The commingling of art and real estate has a long, established history, beginning with the cathedrals of Europe, which commissioned religious art. The Medici family in Italy hired artists to create works for their many estates, while in modern times, art has played a role in places like the Seagram Building, with its famed tapestry by Pablo Picasso. Perhaps it isn’t so surprising that in this era, which some have termed the new Gilded Age, the worlds of art and real estate have once again begun to merge.

Mr. Schnabel, who created the interiors of the Gramercy Park Hotel and built Palazzo Chupi, a pink condominium in the West Village, is no stranger to this connection. “The idea of living with art is a good thing, not necessarily a scam,” he told me recently. “Obviously, when something is popular they can turn that into something trendy, but it has a historical precedent.”

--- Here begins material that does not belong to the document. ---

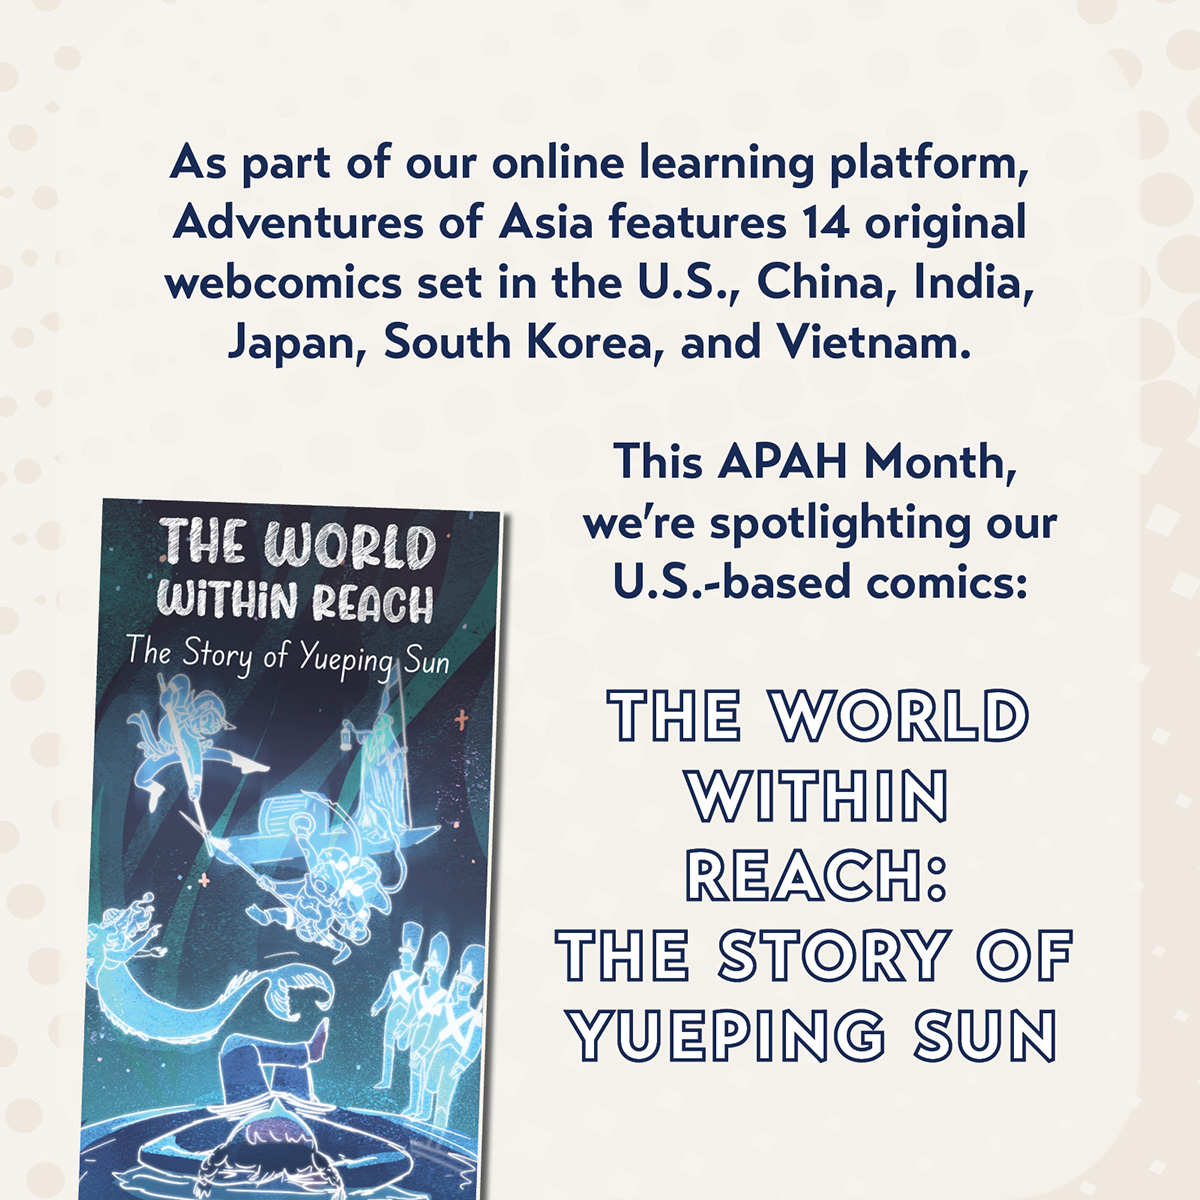 In today's #APAHM2024 spotlight, dive into Y. Ping Sun's story! Through our U.S.-based webcomics in our 'Adventures of Asia' online platform, we're delighted to highlight the stories of Houston leaders including Ping. » asiasociety.org/texas/adventur…

Mr. Schnabel is designing the sales center — “a terrible term, can’t we say building?” — for the Brickell Flatiron, a 710-foot triangular-shaped skyscraper underway in Miami. The center — the developers prefer the word “gallery” — will have Mr. Schnabel’s paintings and furniture, as well as a fireplace. It will “look like a living room,” Mr. Schnabel said. “It will be very different than other sales offices, where they look like you are walking into a bank, with cold marble, a lot of glass, very corporate.”

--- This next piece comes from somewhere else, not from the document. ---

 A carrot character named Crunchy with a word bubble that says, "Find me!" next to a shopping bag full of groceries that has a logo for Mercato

The artist Helidon Xhixha has been hired to create sculpture tailored to each buyer at Muse, a 68-unit condominium in Miami, as shown, center, in the rendering above.CreditImage by Top: Rendering by ARX Solutions; Bottom: Courtesy of Helidon Xhixha

There are clear benefits to collaborating with artists, but the artists can also be unpredictable. Mr. Schnabel, for instance, repeatedly declined to be interviewed about the project, despite cajoling from the developers who are paying his wages. And when he and I did finally connect, he was far less interested in talking about the condominium than about his new exhibit opening in October at the NSU Museum of Art Fort Lauderdale, “Café Dolly: Picabia, Schnabel, Willumsen.”

While art is playing a critical role in the marketing of ultraluxury real estate, it is by no means the only strategy developers are employing. At One Riverside Park, the developer, the Extell Development Company, has partnered with the company Musion, which created the hologram of Tupac Shakur that appeared onstage at the 2012 Coachella Valley Music and Arts Festival. Musion created a hologram of One Riverside Park, with images of the floor plans and the surrounding neighborhood.

But some developers, like Francis Greenburger, the chairman of Time Equities, is skeptical of marketing gimmicks. “Like those mood movies — why would you make a movie that has nothing to do with the building?” he said, referring to the $1 million film commissioned by the developer Harry Macklowe to market his skyscraper 432 Park Avenue. “Maybe it has worked, but for me, it is a distraction. It isn’t what selling an apartment is all about.”

Still, Mr. Greenburger has plenty of marketing strategies of his own. At the sales office for 50 West Street, his new condominium in the financial district, a curved projection wall features 180-degree images, taken by drones, of different elevations from the building, allowing buyers to see their potential views. And there is a piece of a curved glass curtain wall that will wrap around the building.

While the efforts may be gimmicky, they may also work. At 135 West 52nd Street, the building will not only be draped in an enormous light installation, but will also have a sales office featuring purple mohair walls and a V.I.P. room for prospective buyers of the penthouses. “Once you step into the V.I.P. room, you are entering a different strata,” said Mr. De Niro, the son of the actor Robert De Niro and himself no stranger to V.I.P. treatment.

Correction: June 22, 2014
An article last Sunday about how developers are using artwork to attract buyers to luxury condos omitted part of the name of the museum where Julian Schnabel’s new exhibit is opening in October. It is the NSU Museum of Art Fort Lauderdale, not the Museum of Art Fort Lauderdale.